Strategies¶

A continuation strategy is the technique used to coerce a chat-tuned LLM into outputting raw text continuation rather than a conversational response.

Why strategies are needed¶

Chat-tuned models respond to user messages. If you send "The ship rounded the headland and" as a user message, most models reply with something like:

"Sure! Here's a continuation of that sentence: The ship rounded the headland and entered the calm harbor..."

That preamble is useless. Strategies suppress it.

The five strategies¶

`completion`¶

Used for: OpenAI base models (gpt-3.5-turbo-instruct, davinci-002)

These models expose the /completions endpoint, which continues text natively — no coercion needed. The prefix is sent as-is and the model continues it.

`prefill`¶

Used for: Anthropic models (Claude 2, Claude 3, some Claude 4 variants)

Anthropic's API allows seeding the assistant turn before generation begins. basemode puts the full prefix in the system prompt and seeds the assistant turn with the last ~20 characters. The model, seeing it has "already started" the response, continues naturally from that point.

This is the cleanest strategy when it works — output requires minimal post-processing.

`system`¶

Used for: Most chat models as the primary or fallback strategy

Sends a system prompt instructing the model to output only the continuation text, with no acknowledgment. Works on GPT-4, most Gemini models, and any model that follows system instructions reliably. Requires space-prefix repair on outputs.

`few_shot`¶

Used for: Stubborn models that ignore plain system instructions

Augments the system prompt with four varied examples showing the desired continuation behavior (fiction, technical, poetry, dialogue). The examples demonstrate the pattern clearly enough that even models resistant to direct instruction tend to comply.

`fim`¶

Used for: Code-specialized models (DeepSeek Coder, StarCoder, CodeLlama)

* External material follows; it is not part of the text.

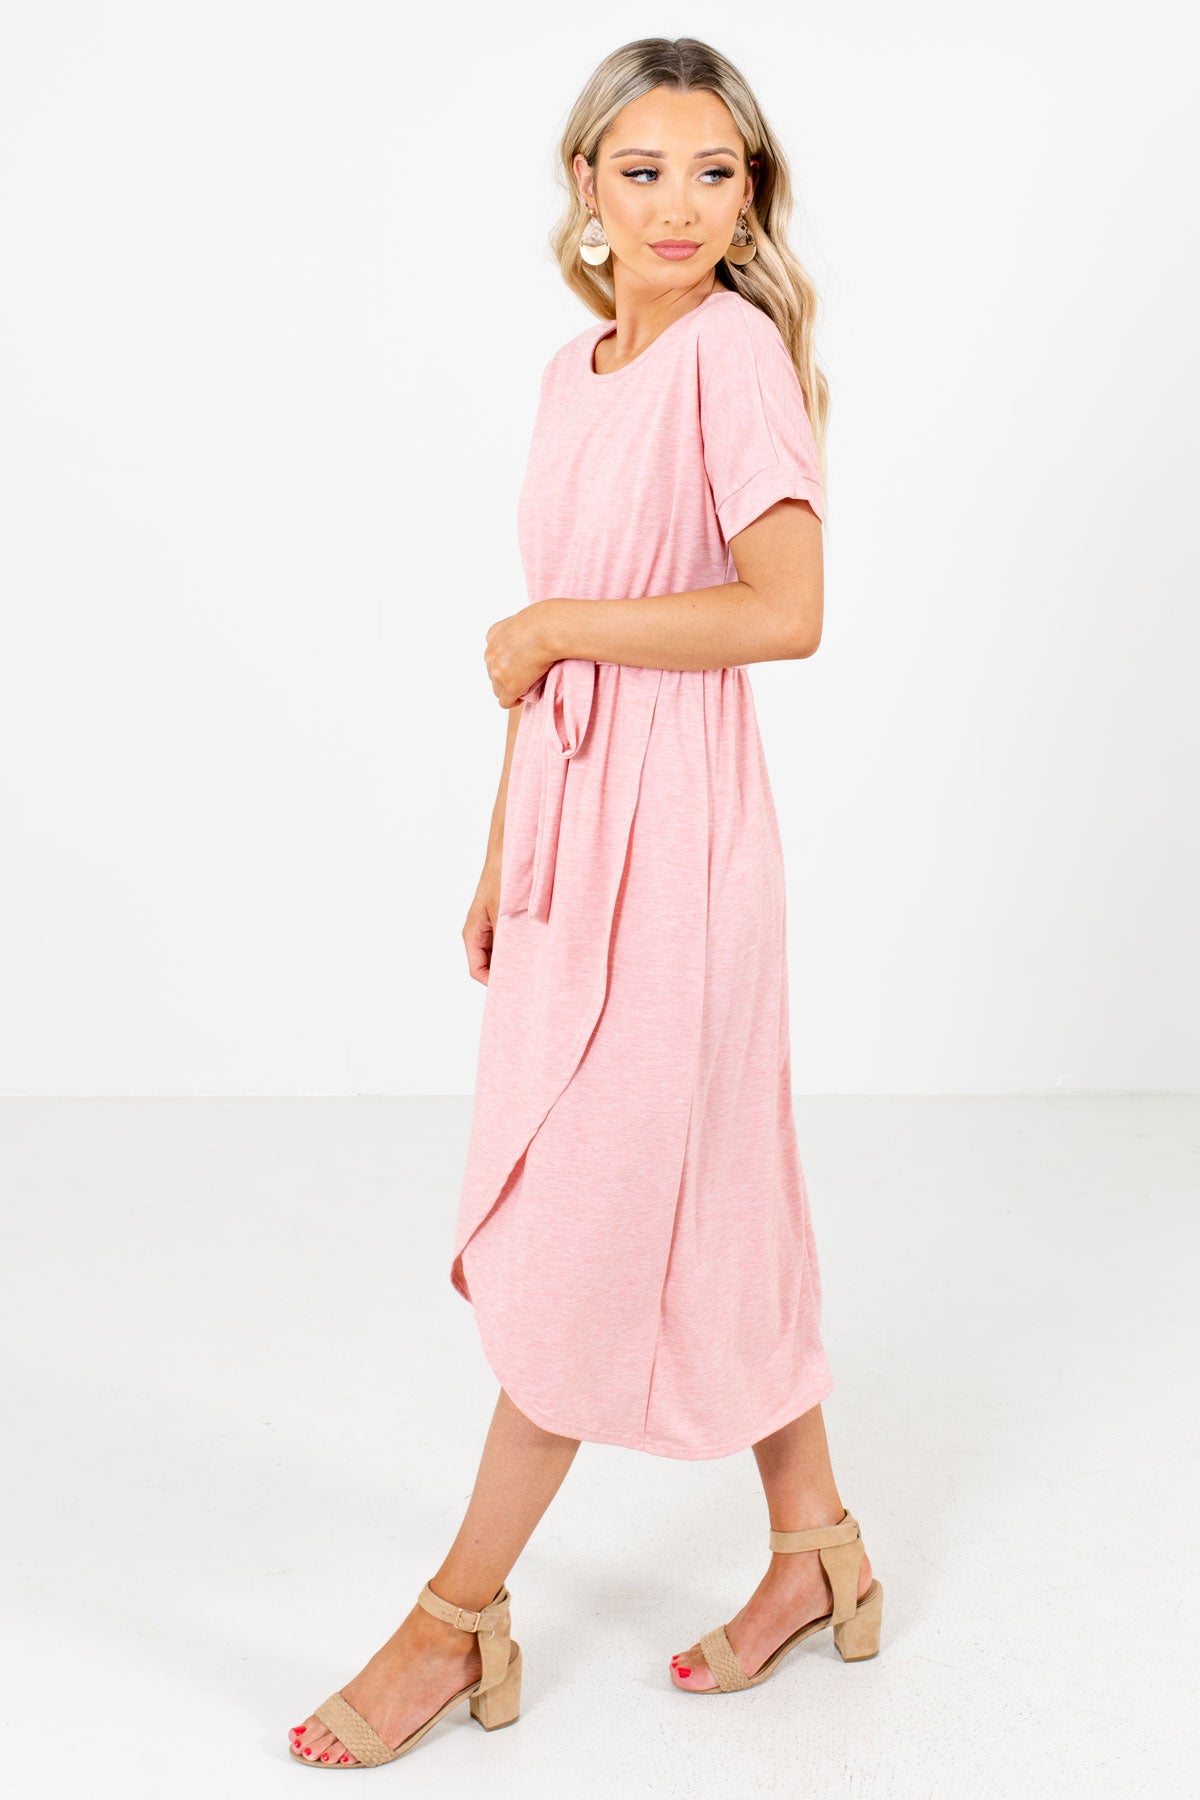 Pink Waist Tie Detail Boutique Knee-Length Dresses for Women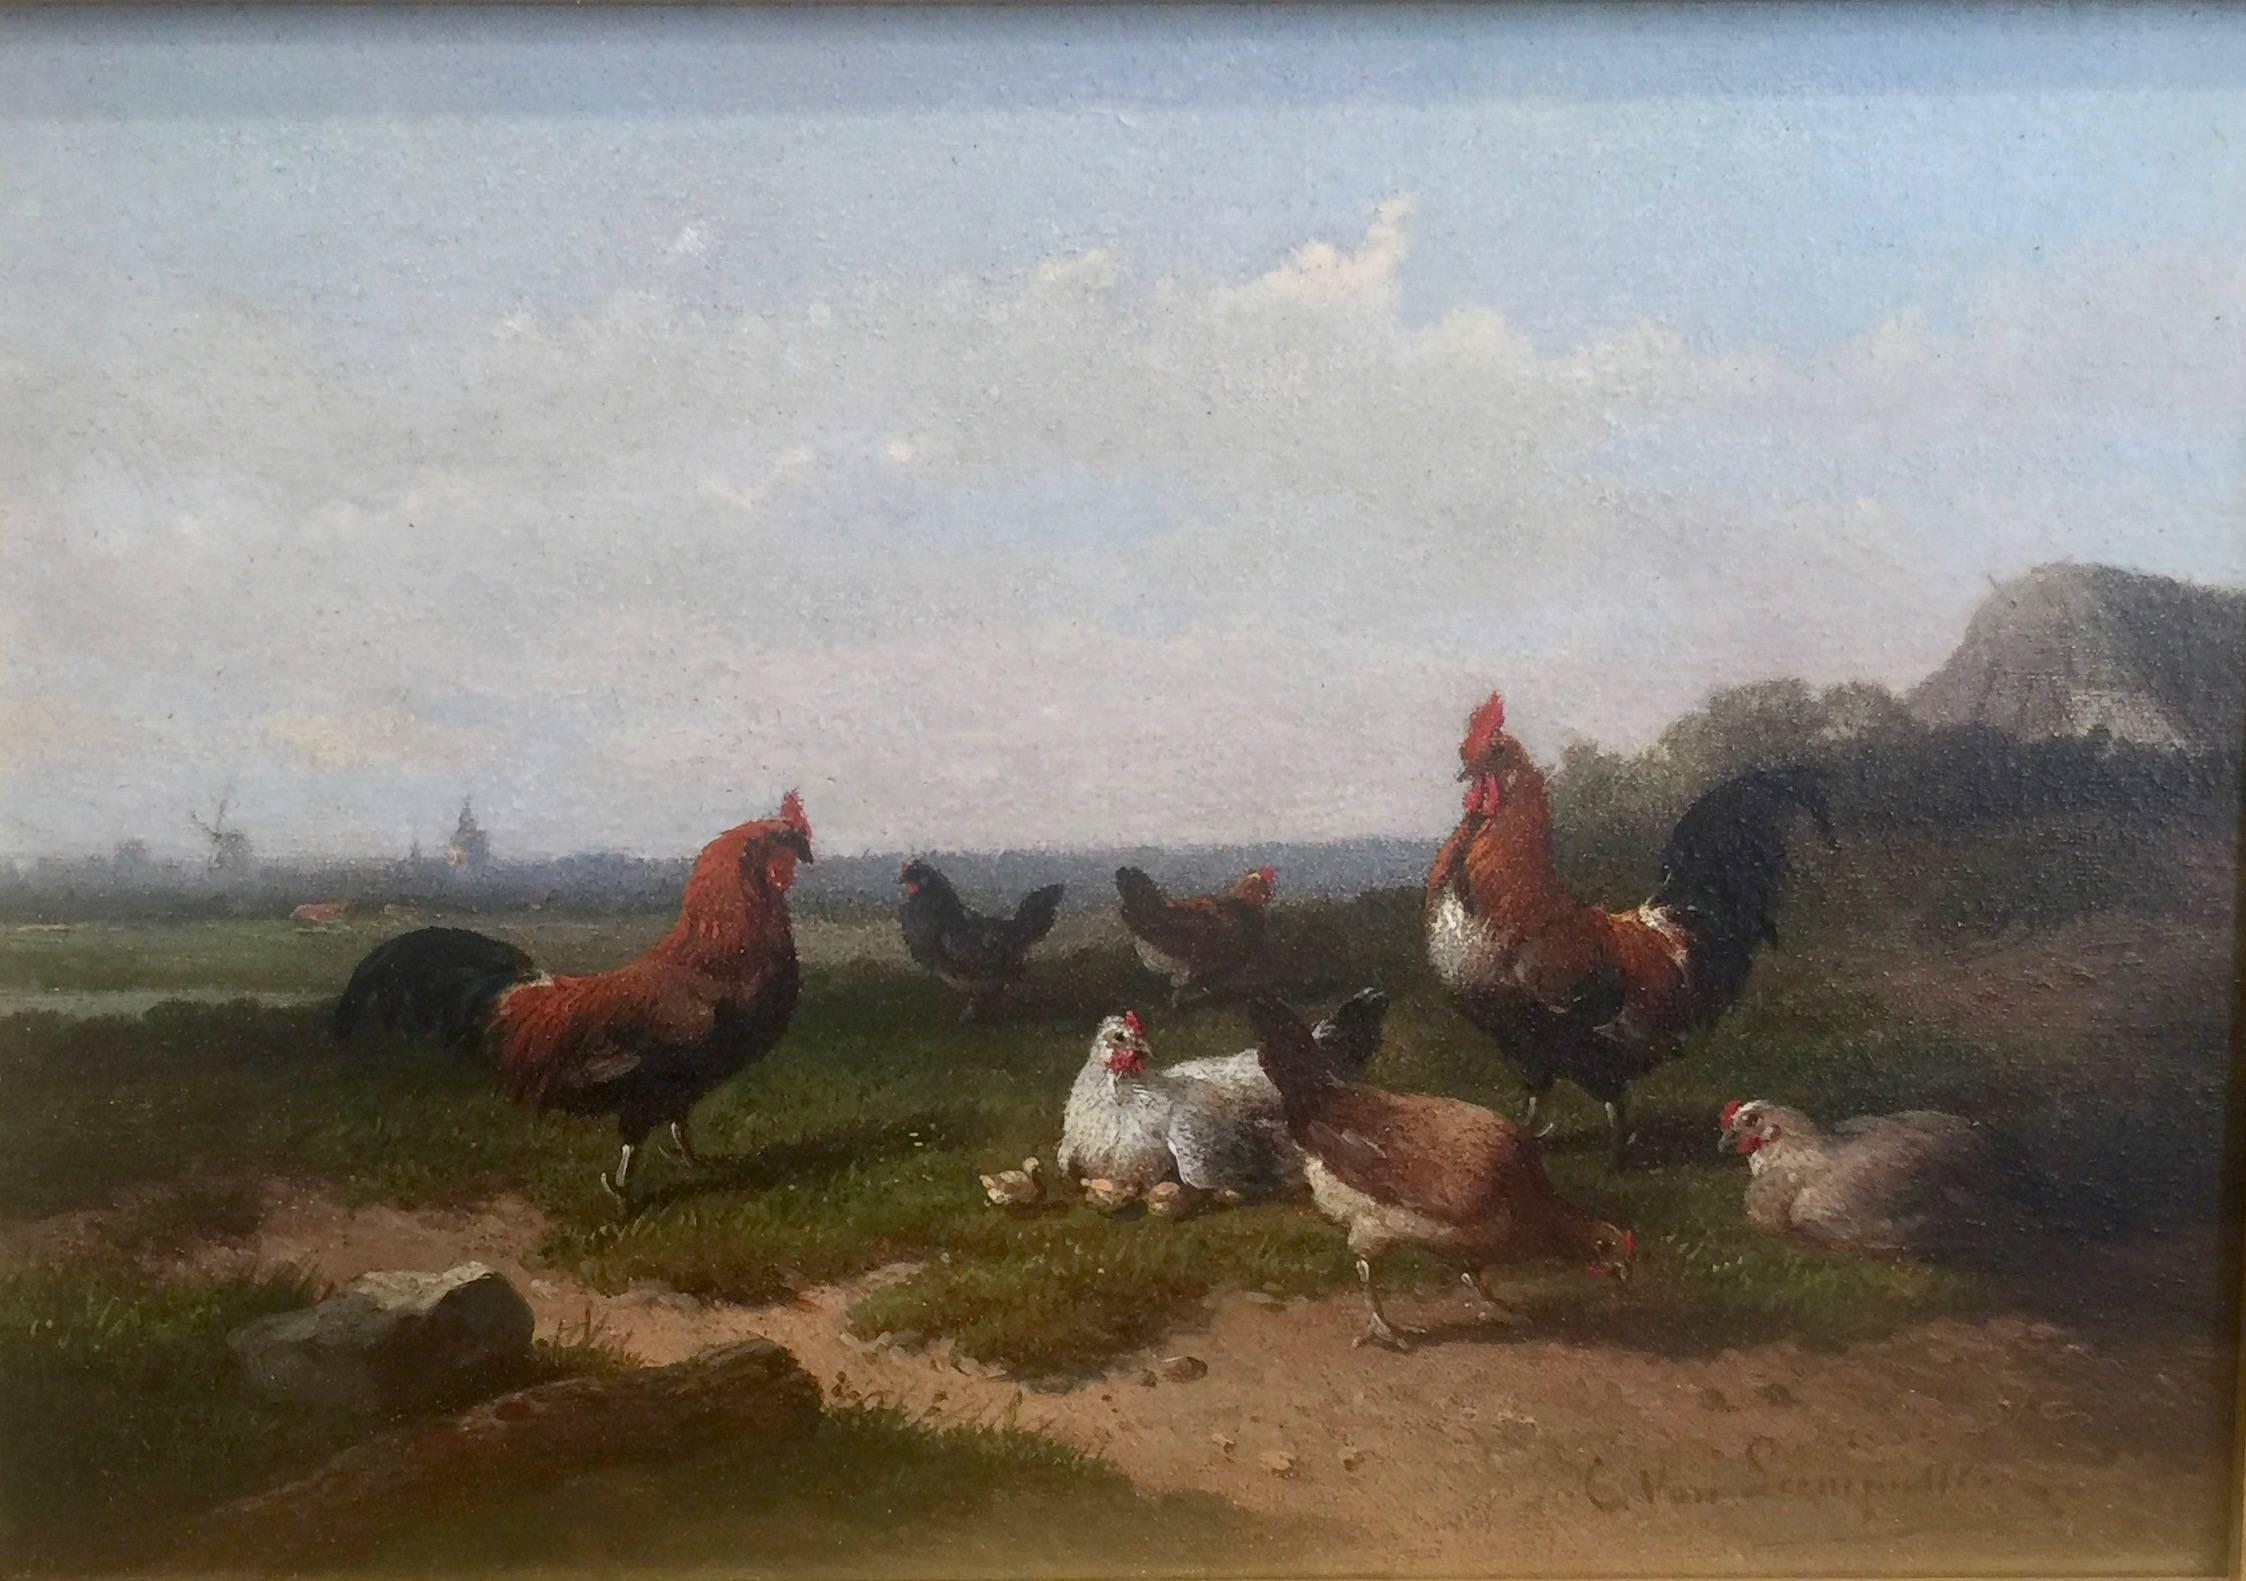 19th Century Dutch scene with Chickens in a field - Painting by Cornelis van Leemputten

Uses the model's native fill-in-the-middle tokens (<fim_prefix>, <fim_suffix>, <fim_middle> or equivalent). The prefix is provided as the FIM prefix, with an empty FIM suffix, so the model generates continuation tokens directly.

Strategy detection¶

basemode auto-detects the right strategy from the model name:

from basemode import detect_strategy

strategy = detect_strategy("gpt-4o-mini")       # → SystemPromptStrategy
strategy = detect_strategy("claude-opus-4-7")   # → PrefillStrategy
strategy = detect_strategy("deepseek-coder")    # → FIMStrategy

Detection logic: 1. Normalize the model name (resolve aliases, infer provider prefix) 2. Check for known completion-endpoint models 3. Check provider prefix for Anthropic → prefill 4. Check for code models → FIM 5. Default → system prompt

Override¶

async for token in continue_text(
    "prefix",
    model="gpt-4o-mini",
    strategy="few_shot",   # force a specific strategy
):
    ...

basemode "prefix" --strategy few_shot

Compatibility handling¶

Some models need special treatment beyond strategy selection:

GPT-5, o-series: temperature parameter is rejected — basemode strips it automatically
Claude 4.6+: prefill is not supported — automatically falls back to system prompt
Gemini 2.5, Kimi K2.5: thinking/reasoning models — basemode allocates a thinking budget automatically and strips the <think> block from output

These quirks are handled in strategies/compat.py and are transparent to callers.

Token boundary healing¶

During streaming, word boundaries can fall mid-token. basemode's healing layer:

Buffers the final few tokens of each generation
Detects split compounds (coward + ice → should be cowardice)
Repairs leading/trailing spaces based on context
Collapses unnecessary newlines
Removes any rewound prefix fragments if rewind=True

This happens automatically and is transparent to callers.